| DATASET EXTRACT |
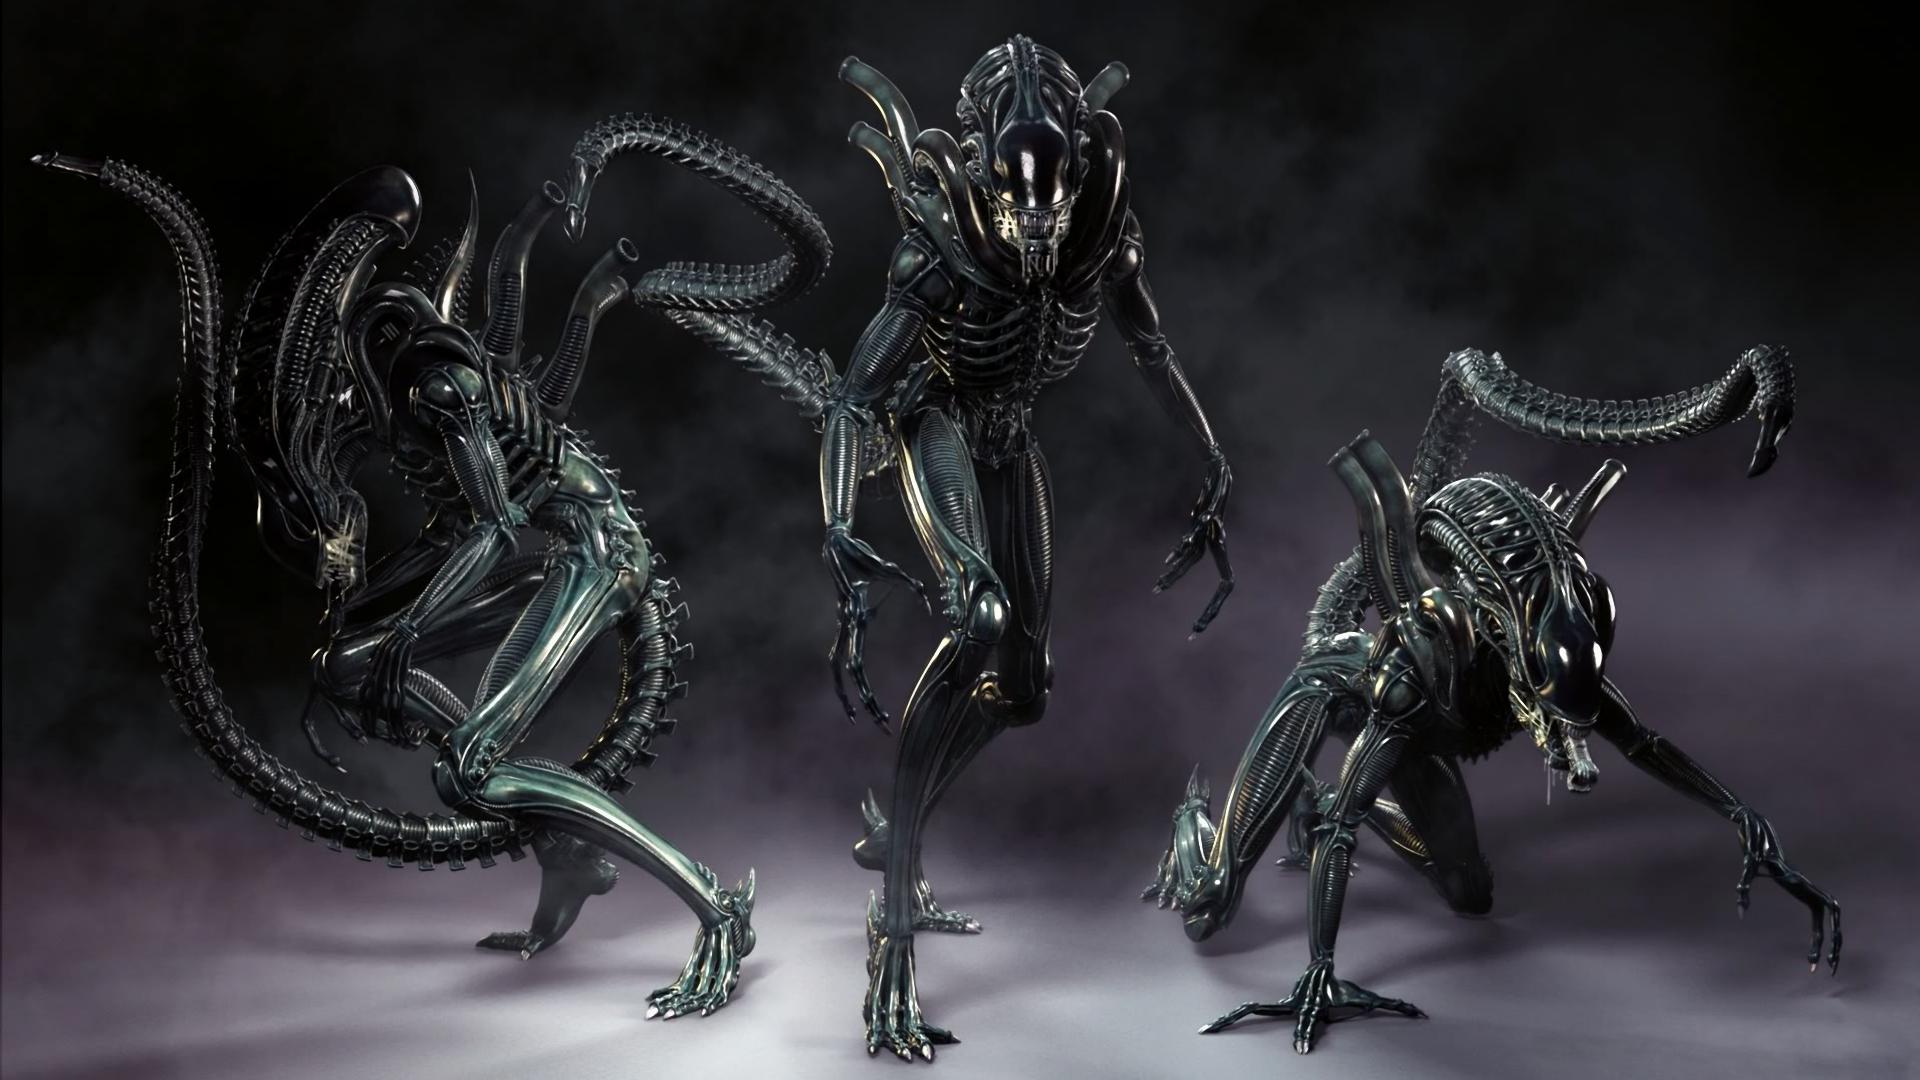 Xenomorph Alien Wallpaper 1920x1080 Xenomorph Alien Aliens 1920x1080
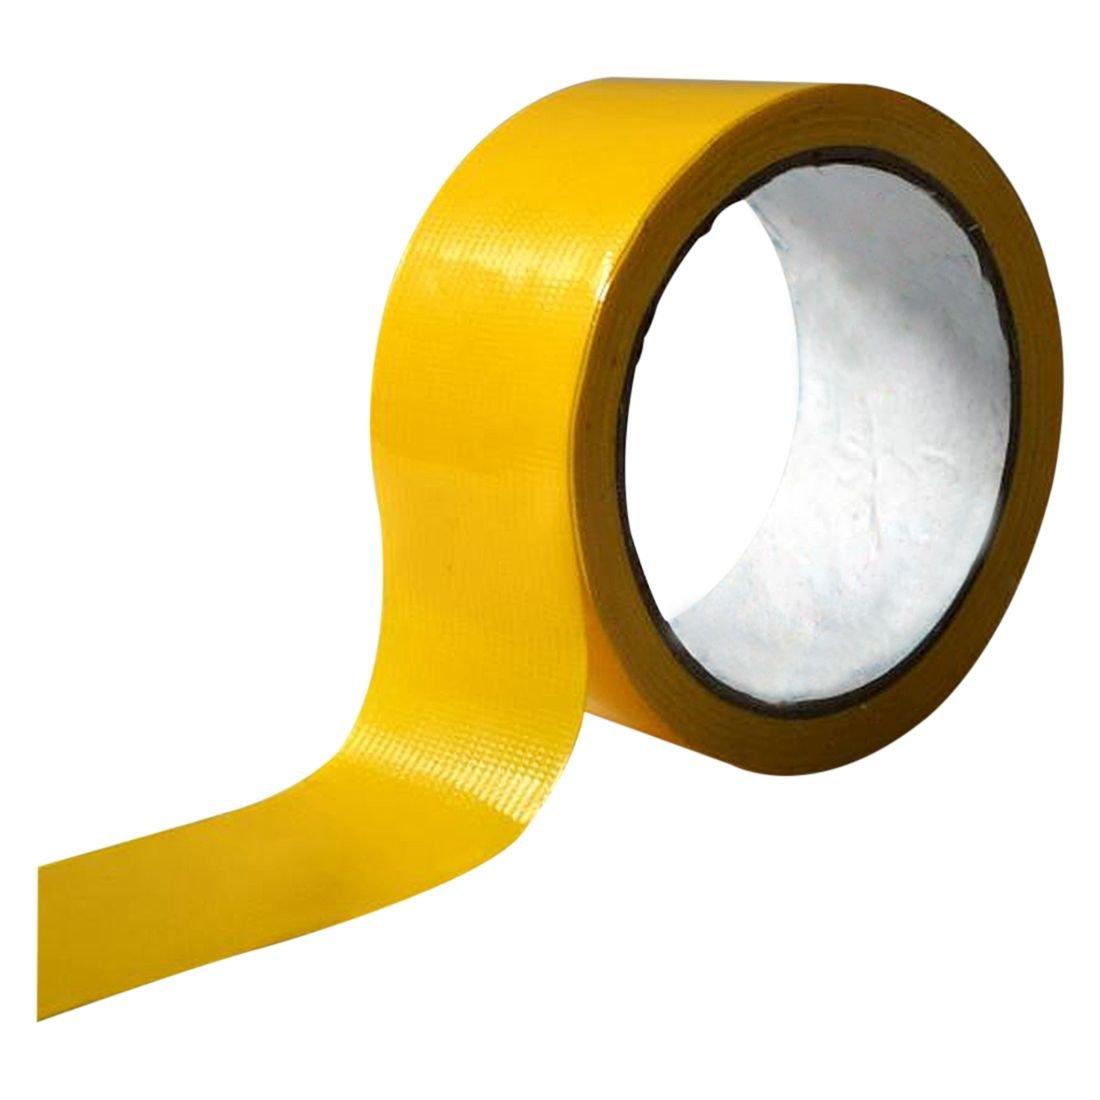 TOOGOO(R) Hot melt adhesive Tape Pipeline Waterproof Tape 48mm50m, Yellow
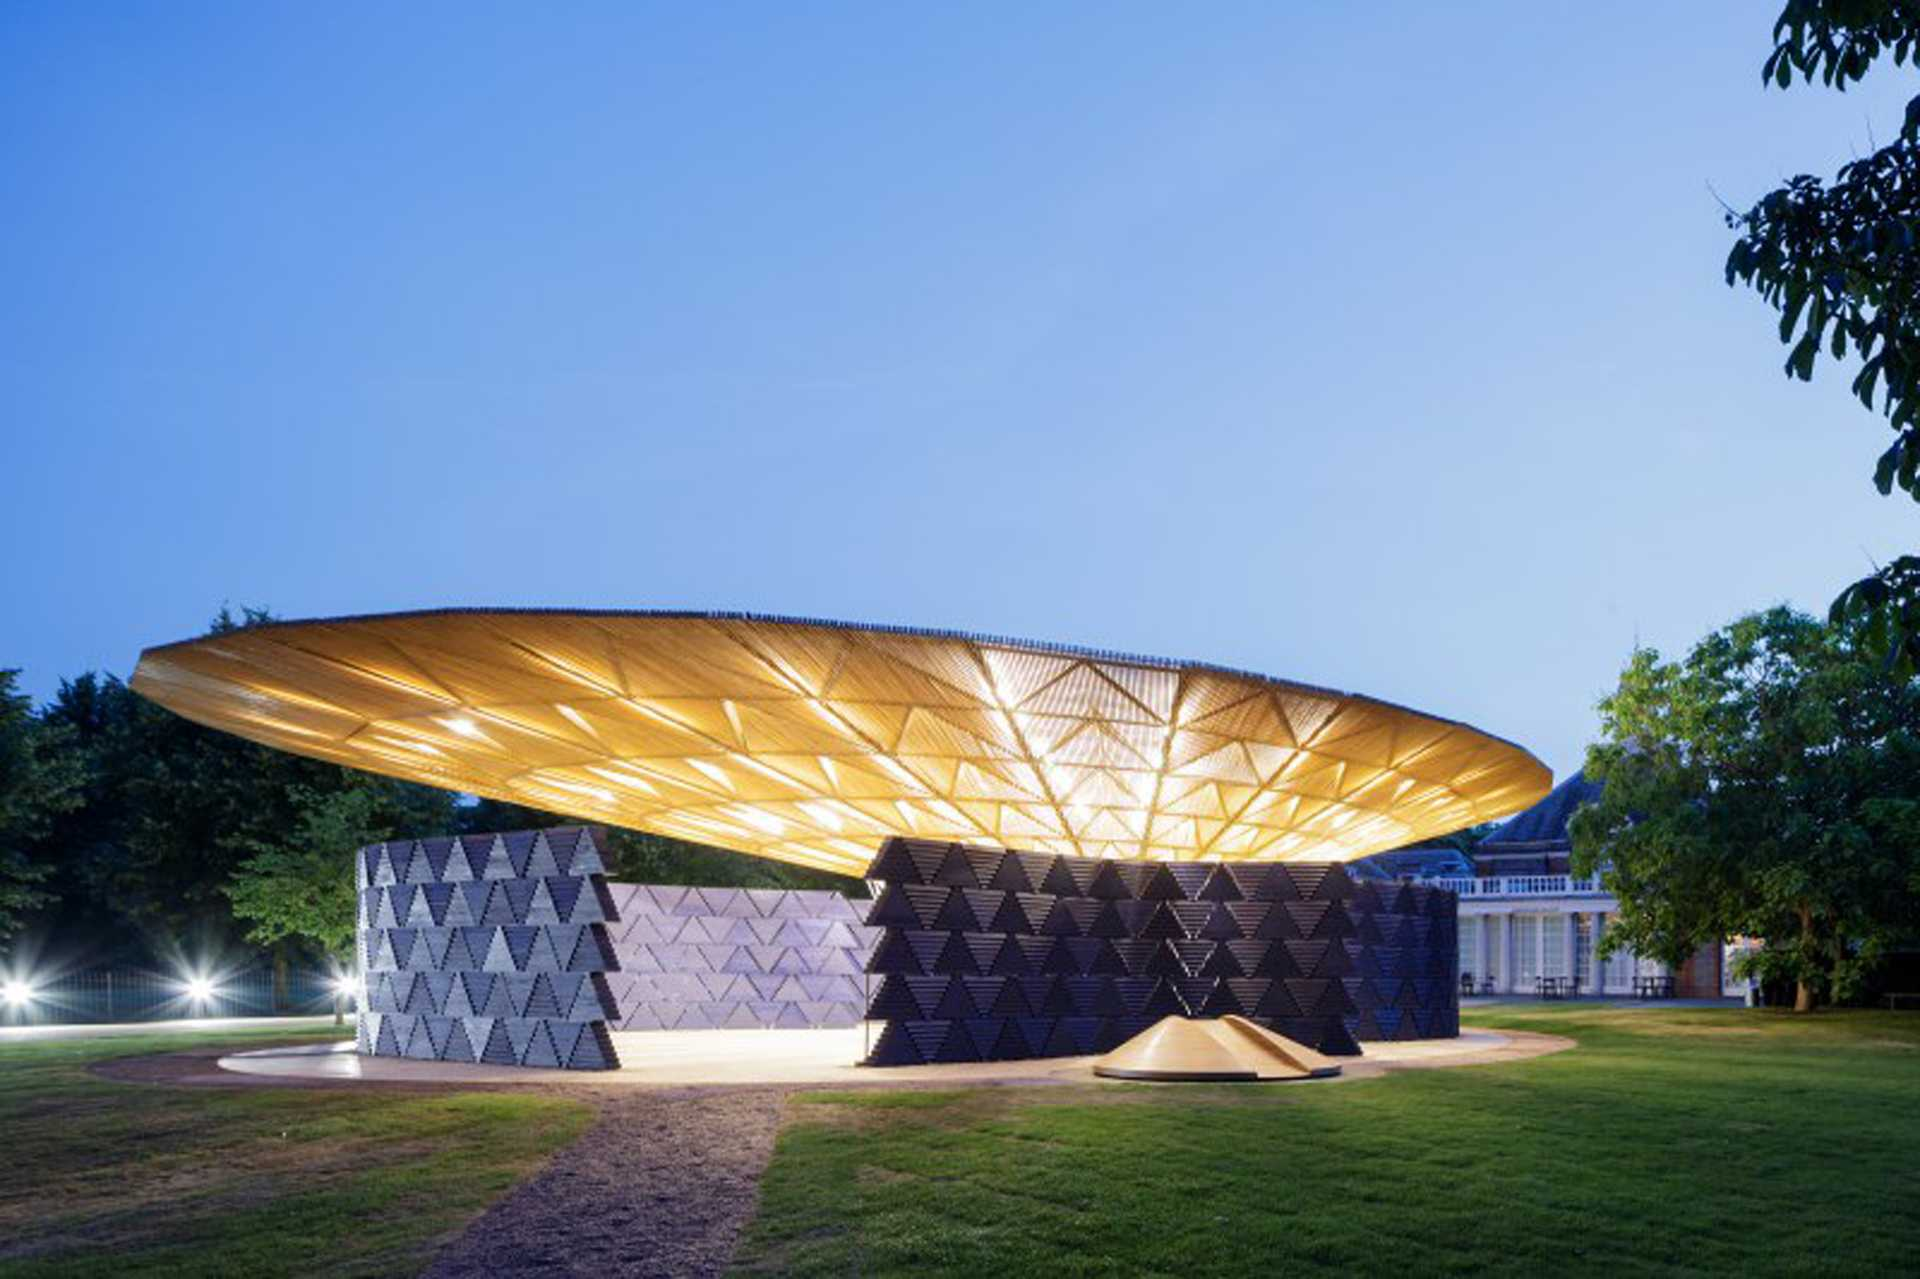 Serpentine Pavilion 2017  - 46 03 34

| EXERCISE REQUIREMENTS |
Please reproduce the material above word for word, without its images.

| EXERCISE ANSWER |
 Xenomorph Alien Wallpaper 1920x1080 Xenomorph Alien Aliens 1920x1080
 TOOGOO(R) Hot melt adhesive Tape Pipeline Waterproof Tape 48mm50m, Yellow
 Serpentine Pavilion 2017  - 46 03 34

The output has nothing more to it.